Peter: I guess I already did, so you can too.
Kim: So everybody would think I was a big bitch. Nobody wants to feel that way. For those two reasons, in part because I genuinely cared about Bob, but also in part because …
Peter: How you wanted to be seen.
Kim: Yeah, I wanted to be a popular leader. I didn’t tell Bob when his work wasn’t nearly good enough, and as a result, after 10 months of this, the inevitable happened, and because the whole team was having to pick up for Bob’s slack and redo his work, which takes longer than just doing it themselves, I realized that if I didn’t fire Bob, I was going to lose half my team.
So I sat down to have the conversation with Bob that I frankly should have begun 10 months previously, and when I was finished, Bob, pushed his chair back from the table, and he looked at me right in the eye, and he said why didn’t you tell me? As that question is going around in my head with no good answer, he looked at me again, and he said why didn’t anyone tell me? I thought you all cared about me. I realized in that moment that I had failed Bob in six really important ways.
I had failed to solicit feedback from him. Maybe I was doing something that was driving him so crazy that he was forced to get high in the bathroom. I don’t know. I didn’t ask. I didn’t solicit feedback. I also failed to give him real feedback, both praise and criticism. The praise I gave him was really just a head fake, and the criticism, I just failed. I totally didn’t tell him that his work wasn’t nearly good enough. Probably worst of all, I had failed to create an environment in which everyone would tell Bob what was genuinely good, and what they really appreciated, and when he was going off the rails. Because I had failed in all these different ways, Bob has now taken the fall. Bob is now getting fired.
I just wanted to be so nice to Bob all along, not so nice after all firing him. All I could do, at this point, even Bob realized it was too late, he should go. It was too late to save Bob. All I could do was make myself a really solemn promise that I would never make that mistake again. That was what prompted me frankly to write this book and come up with the framework and all the rest of it.
Peter: Yeah, you make this great critical point, I think, that the surprising thing or one of the surprising things about Radical Candor is that the results are often the opposite of what we fear. We’re worried someone’s going to become angry, but instead they end up being grateful. We’re worried we might end up disconnected from them, but that truth is actually leads us to be more connected. What guidance can you give people about how to take that leap? We’re going to talk about techniques in a second, but the hardest leap is to say I’m going to take that risk to say something that I think is true here that this person needs to hear. I’m worried about all this stuff.

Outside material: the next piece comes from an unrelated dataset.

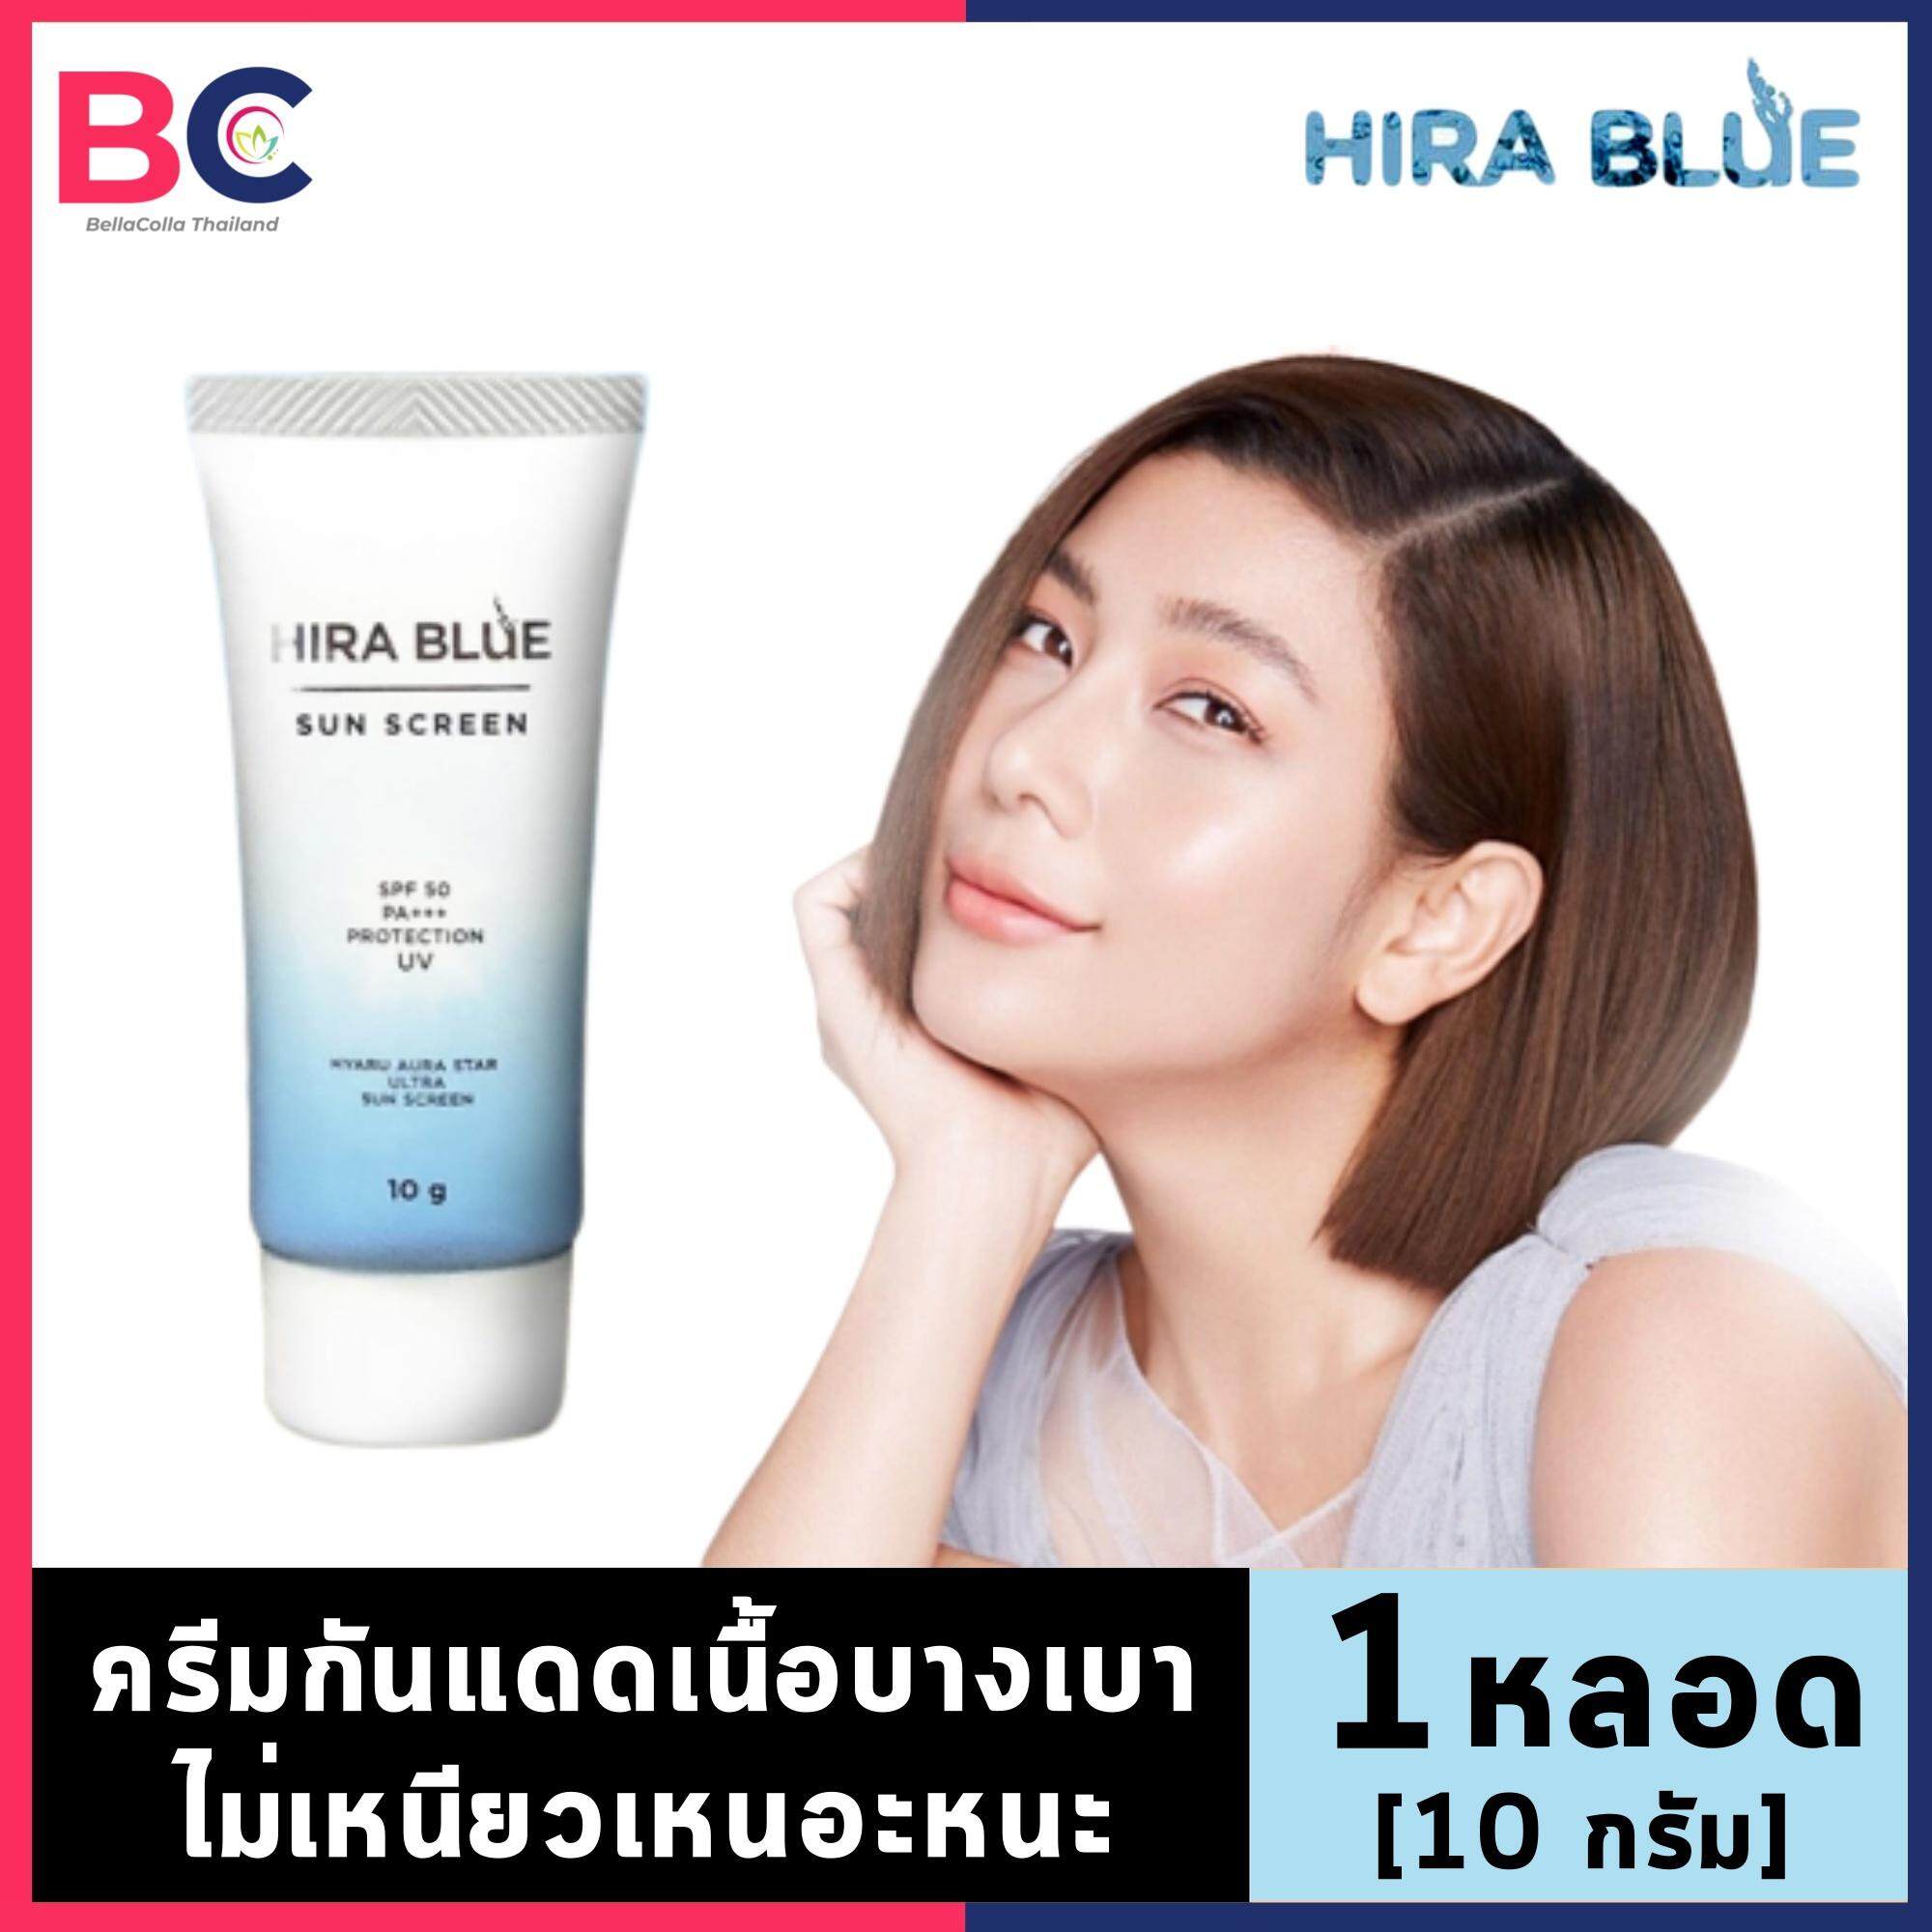 ครีมกันแดด Hira Blue [10 กรัม] [1 หลอด] ครีมกันแดดหน้า เนื้อบางเบา ไม่เหนียวเหนอะหนะ กันน้ำ กันเหงื่อ ป้องกันแสงสีฟ้าจากจอมือถือ Hira Blue Sun Screen SPF 50 PA++ Protection UV 10 by BellaColla Thailand

Kim: So I think the most important advice that I ever heard any leader give around feedback was when I was at Apple, I was doing a class for a big chunk of the IOS team, and we were doing a role play, and it was just a role play. There was not any real consequences. People had just gone through this class about how to give feedback. We wrote this scenario in which participants had to play the role of the manager, and they had to tell an employee they were being really rude. We hired an actor to do this, and this actor was unbelievably rude to people, and still people couldn’t say your rudeness is getting in the way of being effective here.
Finally, Kim jumped up, she clutched her head, and she said just say it, and for most people, for most people, that’s the best advice I can give you is just say it. Don’t worry so much. I think so much of training around feedback and so many of the books we read tie us into knots, they’re really aimed at people who are genuine jerks. Most of us are not jerks. Most of us are too nice. Most of us make the too nice problem.
If you feel like your problem may be the too nice problem, just say it. Just say it.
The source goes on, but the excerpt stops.